I returned to the news to see Kavanaugh testifying. Exasperated, sniffling, snarky, sarcastic, inflamed with glistening eyes. When Senator Amy Klobuchar asked if he’d ever drunk enough not to remember, he said, You’re asking about blackout, I don’t know, have you? I’m curious if you have. I had been asked the exact same question. I had sat with restraint, never raised my voice, never retaliated. I wondered why a man, who was about to sit on the highest court of the land, could not maintain his demeanor, could only spit back, embittered by the unfairness of it all.
I watched Lindsey Graham, beet red, teeth flared, finger-pointing. I used to shrink at harsh tones, used to be afraid. Until I learned it takes nothing to be hostile. Nothing. It is easy to be the one yelling, chucking words that burn like coals, neon red, meant to harm. I have learned I am water. The coals sizzle, extinguishing when they reach me. I see now, those fiery coals are just black stones, sinking to the bottom.
For years, the crime of sexual assault depended on our silence. The fear of knowing what happened if we spoke. Society gave us one thousand reasons; don’t speak if you lack evidence, if it happened too long ago, if you were drunk, if the man is powerful, if you’ll face blowback, if it threatens your safety. Ford broke all the rules. She had none of the requirements society tells us we need before we dare open our mouths. She had every reason to stay hidden, but stepped straight into the most public, volatile, combative environment imaginable, because she possessed the single thing she needed, the truth.
The barricades that held us down will not work anymore. And when silence and shame are gone, there will be nothing to stop us. We will not stand by as our mouths are covered, bodies entered. We will speak, we will speak, we will speak. There was a line survivors had been taught never to cross. She crossed it, the moment she lifted her hand.
So much of that day was beyond language, was not heard, but felt. Kavanaugh and Graham’s words ricocheted around the room, mean and flighty, nervous, erratic. There was spittle and eruptions, faces wrinkled and cracked, diatribes like swarms of flies, of insults and unclarity. Who held the gravity in that room? It was her. Her words rose from the center of her being, resonated throughout the nation. She was the mountain, their words like fleeting winds and harsh rain, while she did
not move. When she spoke it was sobering, the sadness filling our insides with sand until everyone had sunk in their seats. The truth holds weight.

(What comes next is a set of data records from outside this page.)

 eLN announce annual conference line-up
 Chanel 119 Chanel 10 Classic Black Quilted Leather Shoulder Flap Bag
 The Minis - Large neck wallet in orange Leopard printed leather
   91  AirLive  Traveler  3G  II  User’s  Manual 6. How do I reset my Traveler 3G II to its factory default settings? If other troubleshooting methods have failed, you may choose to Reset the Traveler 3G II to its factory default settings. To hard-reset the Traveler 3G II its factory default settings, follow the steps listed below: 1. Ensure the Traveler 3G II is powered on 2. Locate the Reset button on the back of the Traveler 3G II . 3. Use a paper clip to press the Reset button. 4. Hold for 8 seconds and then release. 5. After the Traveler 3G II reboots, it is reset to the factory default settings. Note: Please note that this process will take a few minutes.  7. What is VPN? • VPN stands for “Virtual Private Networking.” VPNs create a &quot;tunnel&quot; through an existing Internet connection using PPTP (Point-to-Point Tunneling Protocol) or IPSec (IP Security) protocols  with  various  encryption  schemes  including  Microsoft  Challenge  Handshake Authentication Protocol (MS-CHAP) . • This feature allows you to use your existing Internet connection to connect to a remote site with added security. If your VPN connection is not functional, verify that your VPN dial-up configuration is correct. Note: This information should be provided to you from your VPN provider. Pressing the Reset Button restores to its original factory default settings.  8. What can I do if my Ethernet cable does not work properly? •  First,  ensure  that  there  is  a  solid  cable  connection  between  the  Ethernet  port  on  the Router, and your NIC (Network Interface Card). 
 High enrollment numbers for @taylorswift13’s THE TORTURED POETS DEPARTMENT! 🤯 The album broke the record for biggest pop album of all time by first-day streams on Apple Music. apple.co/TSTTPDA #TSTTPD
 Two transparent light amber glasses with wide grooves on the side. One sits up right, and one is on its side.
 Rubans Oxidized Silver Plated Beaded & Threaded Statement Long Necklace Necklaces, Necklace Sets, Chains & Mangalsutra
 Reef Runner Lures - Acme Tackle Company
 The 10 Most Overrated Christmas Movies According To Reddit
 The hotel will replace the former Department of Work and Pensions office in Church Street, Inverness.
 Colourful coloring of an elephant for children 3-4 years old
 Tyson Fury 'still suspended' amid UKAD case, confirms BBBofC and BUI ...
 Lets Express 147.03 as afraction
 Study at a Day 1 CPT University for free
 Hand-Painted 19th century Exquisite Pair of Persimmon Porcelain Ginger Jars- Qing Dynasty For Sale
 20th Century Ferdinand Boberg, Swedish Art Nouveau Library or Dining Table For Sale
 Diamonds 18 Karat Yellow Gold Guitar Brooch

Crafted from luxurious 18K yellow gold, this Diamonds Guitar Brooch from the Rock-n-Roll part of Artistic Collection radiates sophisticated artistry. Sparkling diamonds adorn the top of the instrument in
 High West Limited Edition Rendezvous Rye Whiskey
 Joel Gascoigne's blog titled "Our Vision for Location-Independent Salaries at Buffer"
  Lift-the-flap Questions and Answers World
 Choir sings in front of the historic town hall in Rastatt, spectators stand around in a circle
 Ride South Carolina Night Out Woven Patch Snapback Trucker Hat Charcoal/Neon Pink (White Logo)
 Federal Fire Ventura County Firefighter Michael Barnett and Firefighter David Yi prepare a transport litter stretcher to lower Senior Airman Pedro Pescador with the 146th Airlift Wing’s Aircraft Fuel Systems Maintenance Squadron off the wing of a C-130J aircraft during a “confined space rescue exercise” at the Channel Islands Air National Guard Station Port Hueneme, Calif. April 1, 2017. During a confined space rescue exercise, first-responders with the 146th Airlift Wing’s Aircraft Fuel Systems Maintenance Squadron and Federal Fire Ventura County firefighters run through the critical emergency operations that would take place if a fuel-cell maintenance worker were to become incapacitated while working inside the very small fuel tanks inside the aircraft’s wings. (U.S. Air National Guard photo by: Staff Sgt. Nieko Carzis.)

Trump mocked her at a rally days later in Mississippi: How did you get home? I don’t remember. How’d you get there? I don’t remember. Where is the place? I don’t remember. How many years ago was it? I don’t know. What neighborhood was it in? I don’t know. Where’s the house? I don’t know. Upstairs, downstairs—where was it? I don’t know—but I had one beer. That’s the only thing I remember. The crowd laughed openly, clapping. But all I saw was Trump chucking coals, while we remain water.
I began this story alone as a half-naked body. I remembered nothing. There was so much I did not know. I was forced to fight, in a legal system I did not understand, the bald judge in the black robe, the defense attorney with narrow glasses. Brock with his lowered chin, his unsmiling father, the appellate attorney. The obstacles became harder, I was up against men more educated, more powerful than me, the game rougher, more graphic, serious. I read comments that laughed at my pain. I remember feeling helpless, terrified, humiliated, I cried like I’ve never cried before. But I remember the attorney’s still shoulders as guilty was read. I know Brock slept ninety days in a stiff cot in a jail cell. The judge will never step foot in a courtroom again. The appellate attorney’s claims were shut down. One by one, they became powerless, fell away, and when the dust settled, I looked around to see who was left.